AnalyticDB for MySQL supports full-text search through three SQL functions: MATCH() AGAINST(), MATCH() FUZZY(), and MATCH() PHRASE(). Use these functions to search text columns, rank results by relevance, and highlight matched keywords.
With full-text search, you can:
Search across one or more text columns without creating multi-column indexes
Rank results by relevance score and filter out low-relevance matches
Handle spelling mistakes with fuzzy matching based on edit distance
Match multi-word phrases with positional tolerance using slop
Highlight matched keywords in query results using custom HTML tags
Prerequisites
Before you begin, ensure that you have:
Full-text indexes created on the columns you want to search. For instructions, see Create a full-text index
Sample data
The examples in this topic use a table named tbl_fulltext_demo. Each column has a full-text index using a different analyzer.
Run the following statements to create the table and insert sample data:
/* RC_DDL_ENGINE_REWRITE_XUANWUV2=false */
CREATE TABLE `tbl_fulltext_demo` (
`id` INT,
`content` VARCHAR,
`content_alinlp` VARCHAR,
`content_ik` VARCHAR,
`content_standard` VARCHAR,
`content_ngram` VARCHAR,
FULLTEXT INDEX fidx_c(`content`), -- Default analyzer
FULLTEXT INDEX fidx_alinlp(`content_alinlp`) WITH ANALYZER alinlp, -- AliNLP analyzer
FULLTEXT INDEX fidx_ik(`content_ik`) WITH ANALYZER ik, -- IK analyzer
FULLTEXT INDEX fidx_standard(`content_standard`) WITH ANALYZER standard, -- Standard analyzer
FULLTEXT INDEX fidx_ngram(`content_ngram`) WITH ANALYZER ngram, -- Ngram analyzer
PRIMARY KEY (`id`)
) DISTRIBUTED BY HASH(id);
INSERT INTO tbl_fulltext_demo(id, content, content_alinlp, content_ik, content_standard, content_ngram)
VALUES
(1, 'Customers Need Better Products and Services', 'Customers Need Better Products and Services', 'Customers Need Better Products and Services', 'Customers Need Better Products and Services', 'Customers Need Better Products and Services'),
(2, 'Wuhan Changjiang Bridge', 'Wuhan Changjiang Bridge', 'Wuhan Changjiang Bridge', 'Wuhan Changjiang Bridge', 'Wuhan Changjiang Bridge'),
(3, 'Hangzhou, Zhejiang Province', 'Hangzhou, Zhejiang Province', 'Hangzhou, Zhejiang Province', 'Hangzhou, Zhejiang Province', 'Hangzhou, Zhejiang Province'),
(4, 'User Values and Commercial Values of Products', 'User Values and Commercial Values of Products', 'User Values and Commercial Values of Products', 'User Values and Commercial Values of Products', 'User Values and Commercial Values of Products');Usage notes
Full-text index functions support the following special characters, but you must escape them with
\\:+-&|!(){}[]^"~*?:\/For example, to search forSpring/Scenery:Incorrect:
MATCH(content) AGAINST('Spring / Scenery')Correct:
MATCH(content) AGAINST('Spring \\/ Scenery')

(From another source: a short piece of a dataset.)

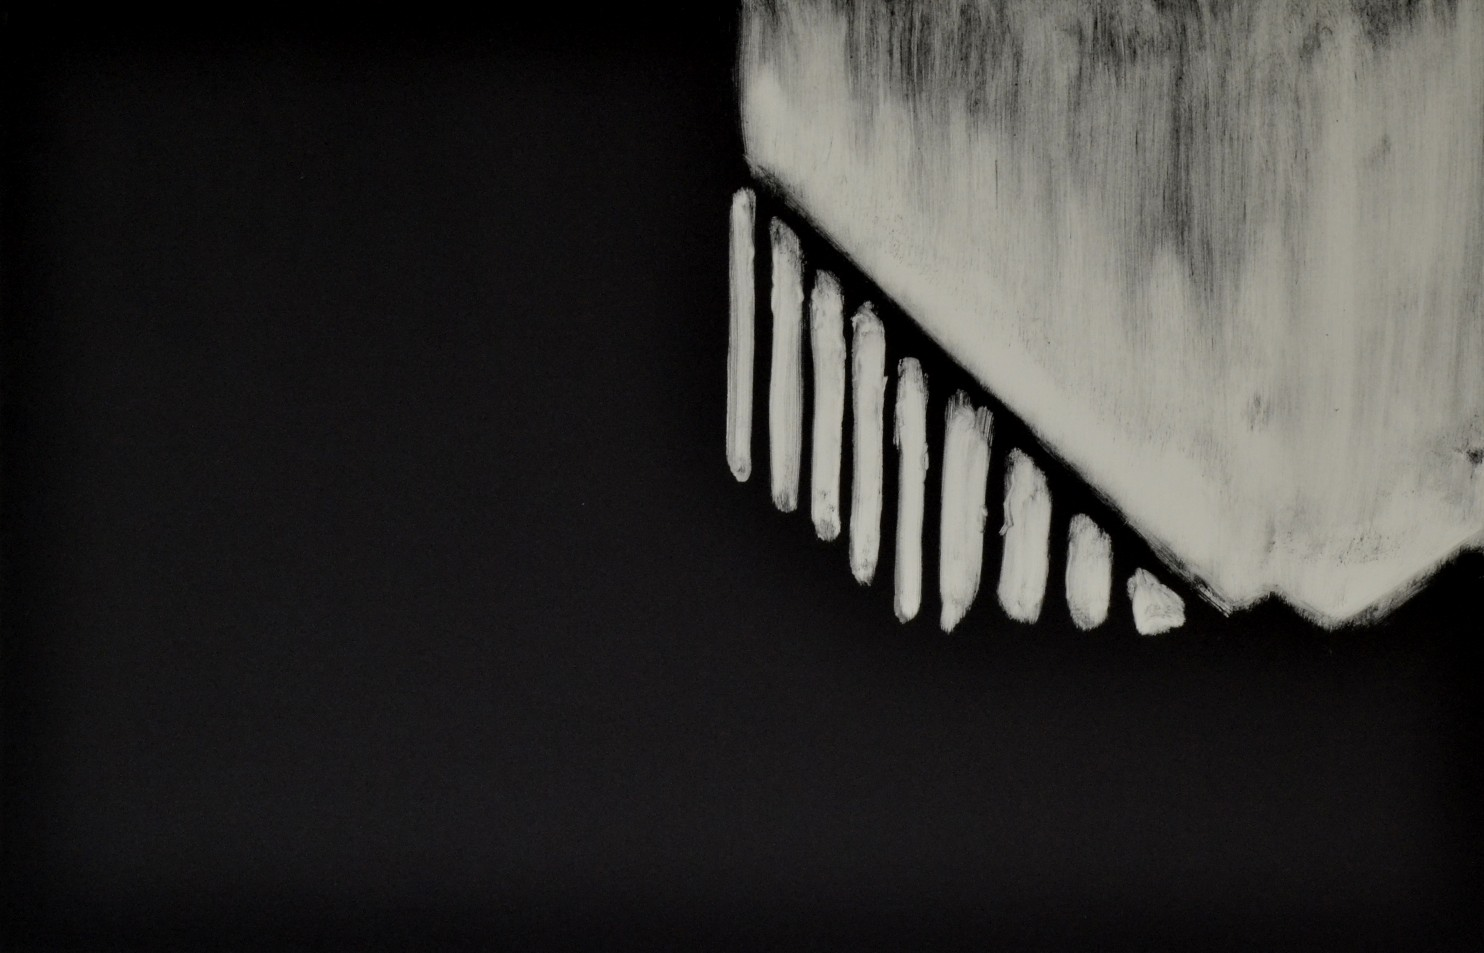 Into the Night (VII)

Full-text index functions do not support operators such as
=,!=,BETWEEN,IS NULL,IS NOT NULL, andLIKE.
Choose a function
| Function | Use when |
|---|---|
MATCH() AGAINST() | Searching for exact or word-matched keywords, with optional Boolean logic |
MATCH() FUZZY() | Keywords may be misspelled or approximate |
MATCH() PHRASE() | Multiple keywords must appear together, with positional tolerance |
MATCH() AGAINST()
MATCH() AGAINST() searches one or more columns for rows that match a keyword. It supports word match (default) and exact match (with quoted keywords), as well as Boolean queries using logical operators.
Syntax
SELECT * FROM `table_name` WHERE MATCH (column_name[, ...]) AGAINST('term')Parameters
| Parameter | Description |
|---|---|
table_name | The table to search |
column_name | The column to search. Separate multiple columns with commas |
term | The search keyword. Supports AND, OR, and NOT logical operators (case-insensitive) |
Logical operators in `term`:
| Operator | Behavior |
|---|---|
AND | Returns rows that match all keywords |
OR | Returns rows that match any keyword |
NOT | Returns rows that match the keyword to the left but not the keyword to the right |
Relevance scores
MATCH() AGAINST() assigns each result a relevance score. Higher scores indicate stronger matches.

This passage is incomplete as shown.